We are subject to the cyclical nature of the integrated circuit industry. The current and any future downturns will likely reduce our revenue and result in excess inventory.

     The integrated circuit industry is highly cyclical and is characterized by constant and rapid technological change, rapid product obsolescence and price erosion, evolving standards, short product life cycles and wide fluctuations in product supply and demand. The industry has experienced, and is currently experiencing, significant downturns, often connected with, or in anticipation of, maturing product cycles of both integrated circuit companies’ and their customers’ products and declines in general economic conditions. These downturns have been characterized by diminished product demand, production overcapacity, high inventory levels and accelerated erosion of average selling prices. The current downturn and any future downturns may reduce our revenue or our percentage of revenue growth on a quarter-to-quarter basis and result in us having excess inventory.

     Furthermore, any upturn in the integrated circuit industry could result in increased competition for access to third-party foundry, assembly and test capacity.

When demand for foundry capacity is high, we may take various actions to try to secure sufficient capacity, which may be costly and harm our operating results.

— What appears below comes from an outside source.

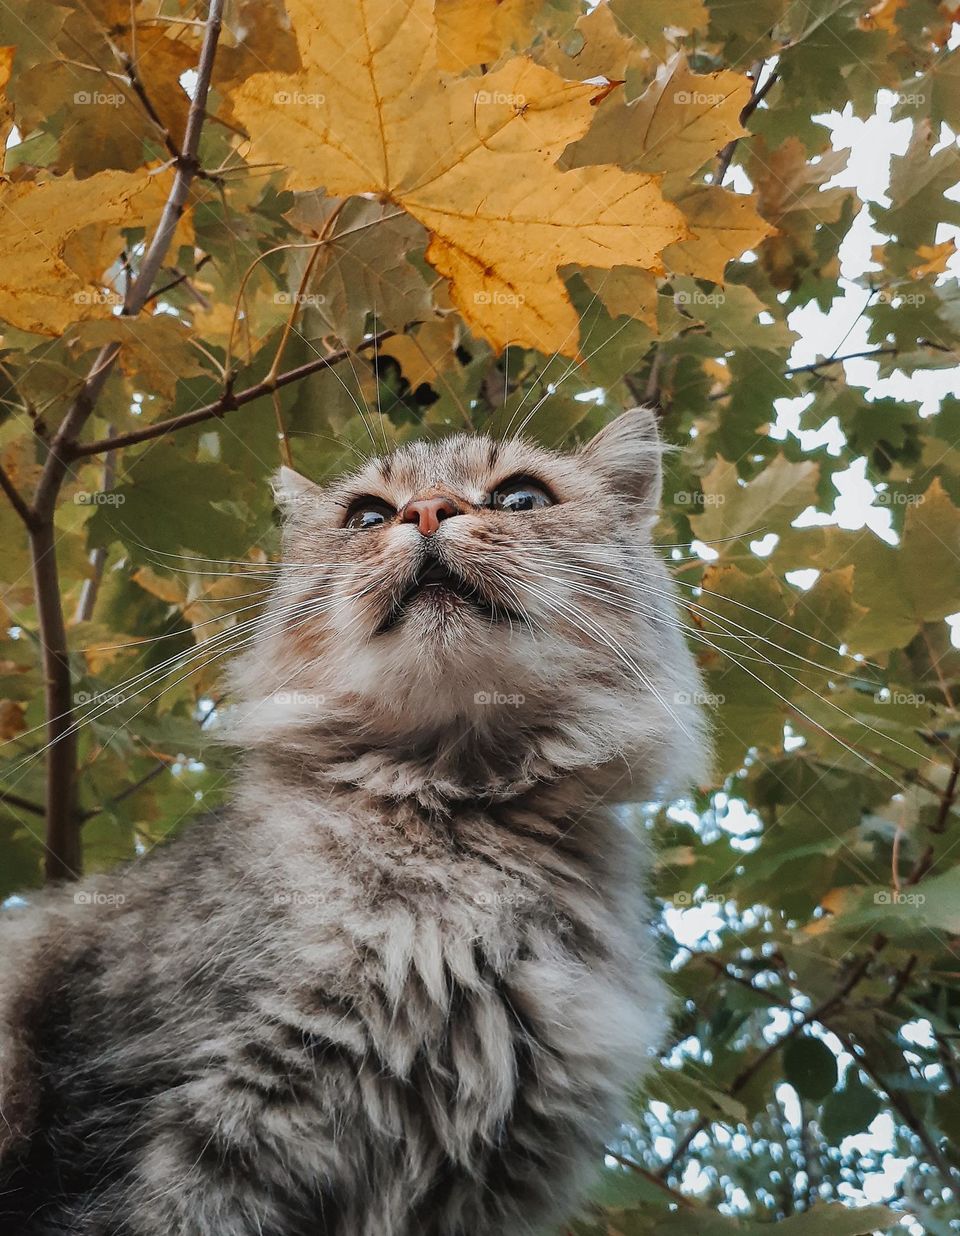 aesthetic photo of a village cat on the background of an autumn maple tree with yellow and green leaves

     Availability of foundry capacity has in the recent past been reduced due to strong demand. In order to secure sufficient foundry capacity when demand is high, we may enter into various arrangements with suppliers that could be costly and harm our operating results, including:

    option payments or other prepayments to a foundry;
 
    nonrefundable deposits with or loans to foundries in exchange for capacity commitments;
 
    contracts that commit us to purchase specified quantities of integrated circuits over extended periods;
 
    issuance of our equity securities to a foundry;
 
    investment in a foundry; and
 
    other contractual relationships with foundries.

     We may not be able to make any such arrangement in a timely fashion or at all, and any arrangements may be costly, reduce our financial flexibility, and not be on terms favorable to us. Moreover, if we are able to secure foundry capacity, we may be obligated to use all of that capacity or incur penalties. These penalties may be expensive and could harm our financial results.

The development and evolution of markets for our integrated circuits are dependent on factors, such as industry standards, over which we have no control. For example, if our customers adopt new or competing industry standards with which our products are not compatible or fail to adopt standards with which our products are compatible, our existing products would become less desirable to our customers and our sales would suffer.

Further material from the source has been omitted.